DATA SECTION:
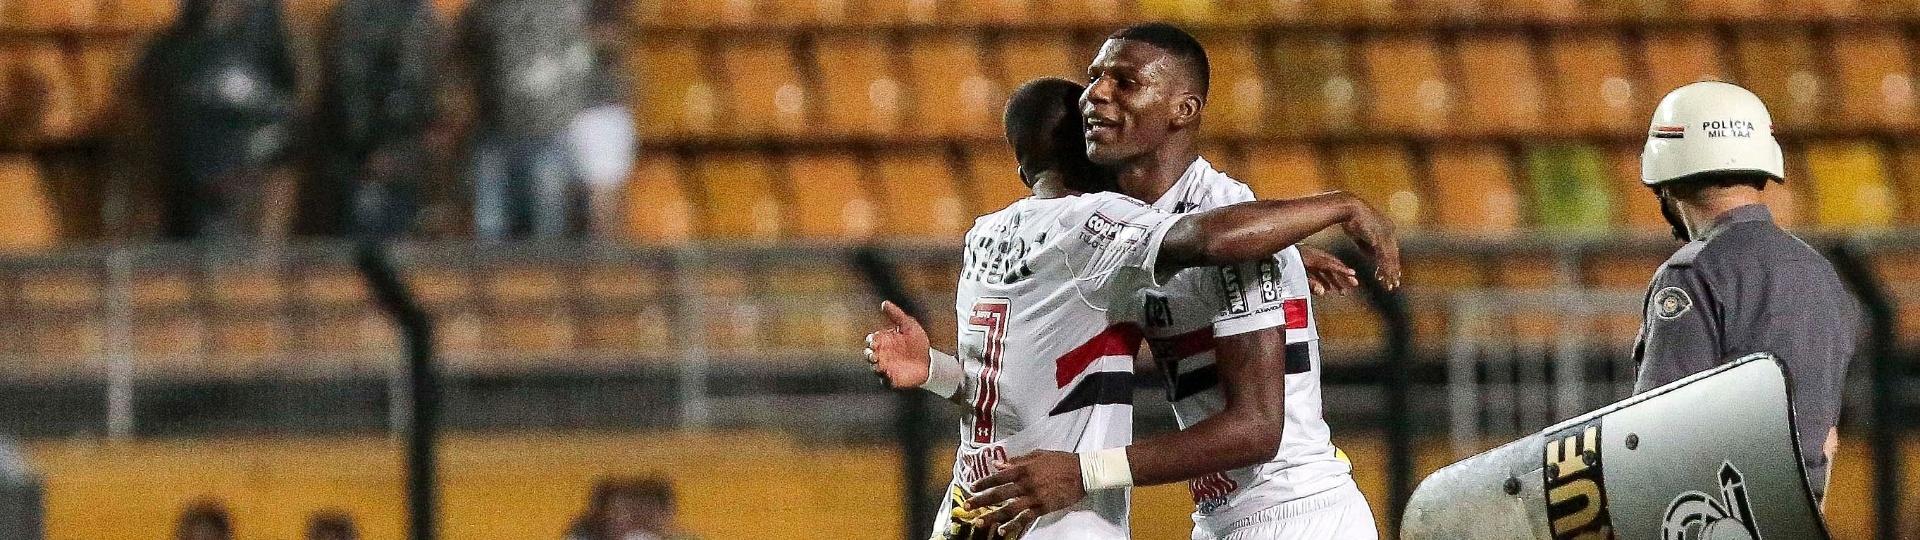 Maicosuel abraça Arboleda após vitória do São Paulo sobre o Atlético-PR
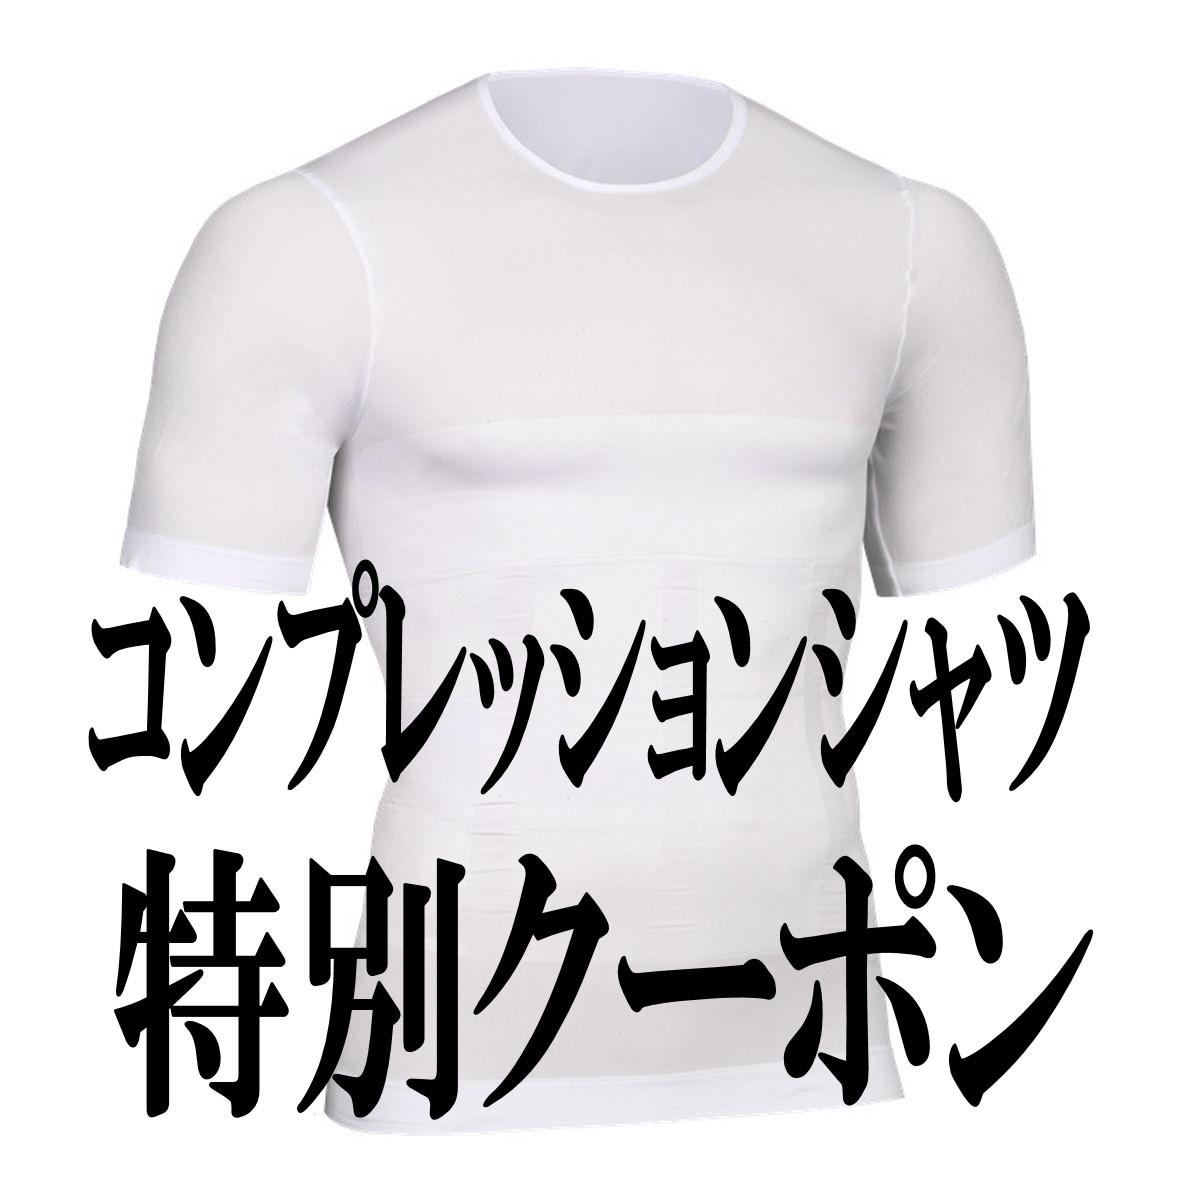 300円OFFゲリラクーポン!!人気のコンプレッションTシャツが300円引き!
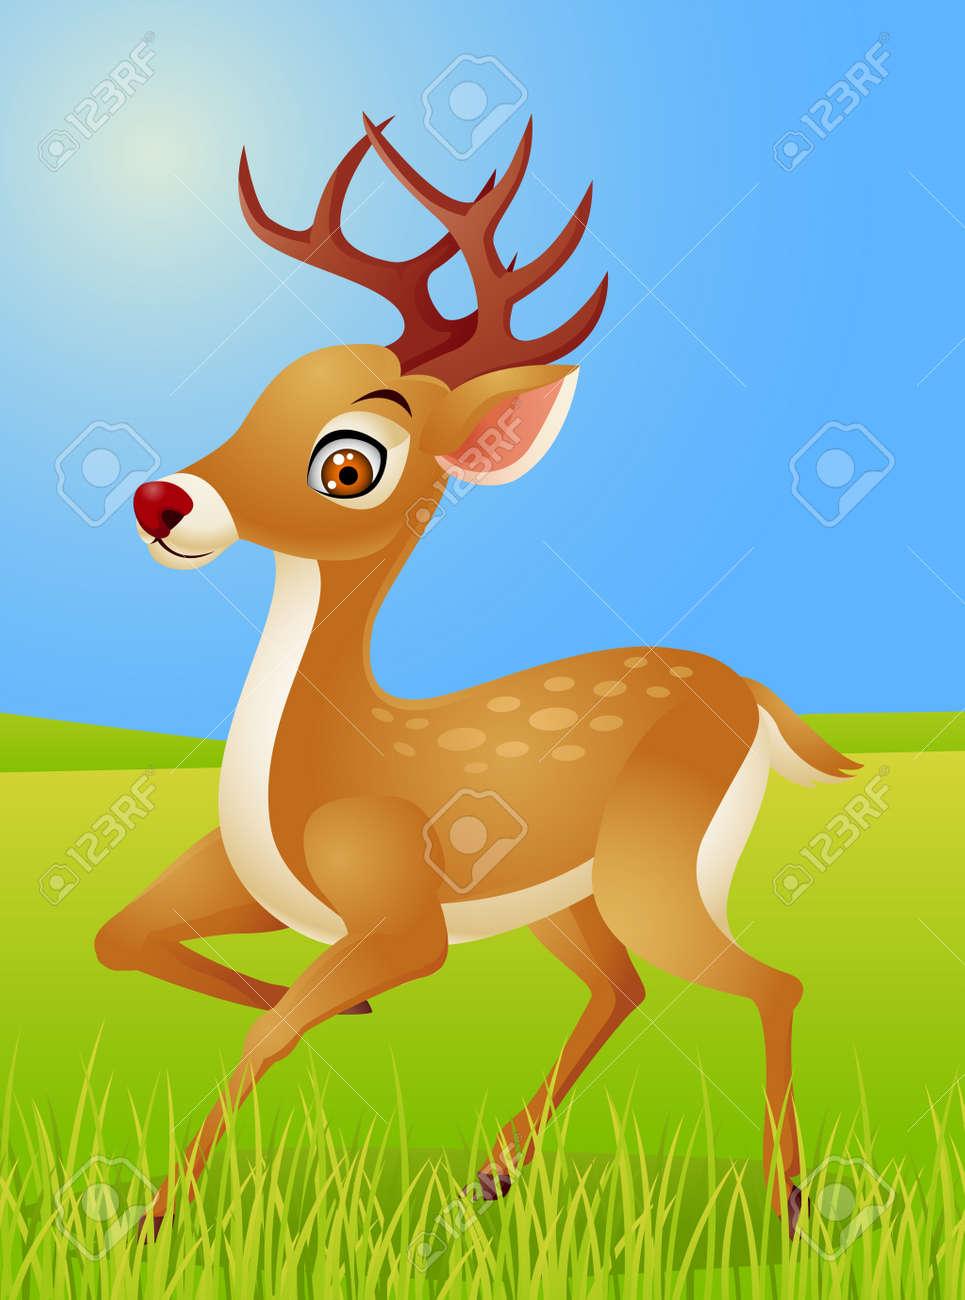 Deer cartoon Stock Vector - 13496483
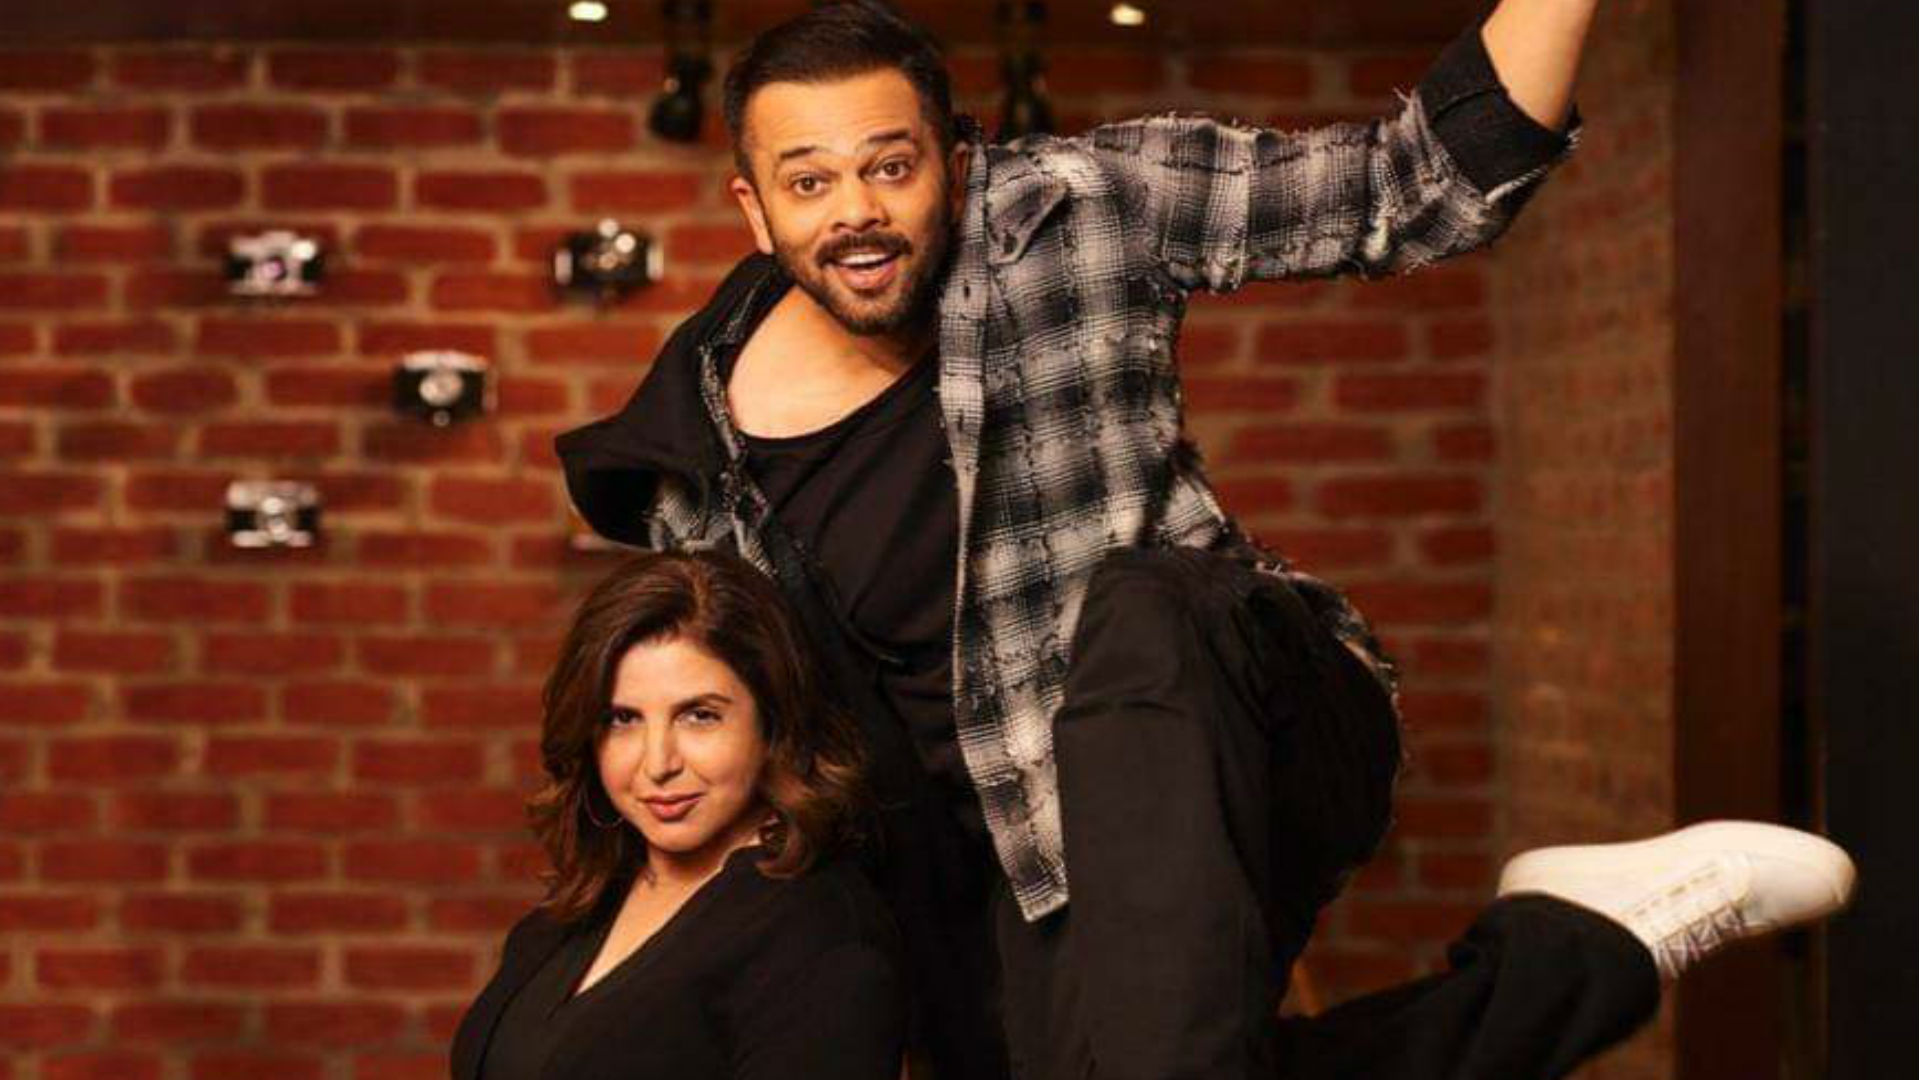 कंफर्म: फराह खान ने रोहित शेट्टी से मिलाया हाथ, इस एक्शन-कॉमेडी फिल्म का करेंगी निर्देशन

WHAT NEEDS TO BE DONE: Make an exact copy of the data, leaving its pictures out.

THE ANSWER:
 Maicosuel abraça Arboleda após vitória do São Paulo sobre o Atlético-PR
 300円OFFゲリラクーポン!!人気のコンプレッションTシャツが300円引き!
 Deer cartoon Stock Vector - 13496483
 कंफर्म: फराह खान ने रोहित शेट्टी से मिलाया हाथ, इस एक्शन-कॉमेडी फिल्म का करेंगी निर्देशन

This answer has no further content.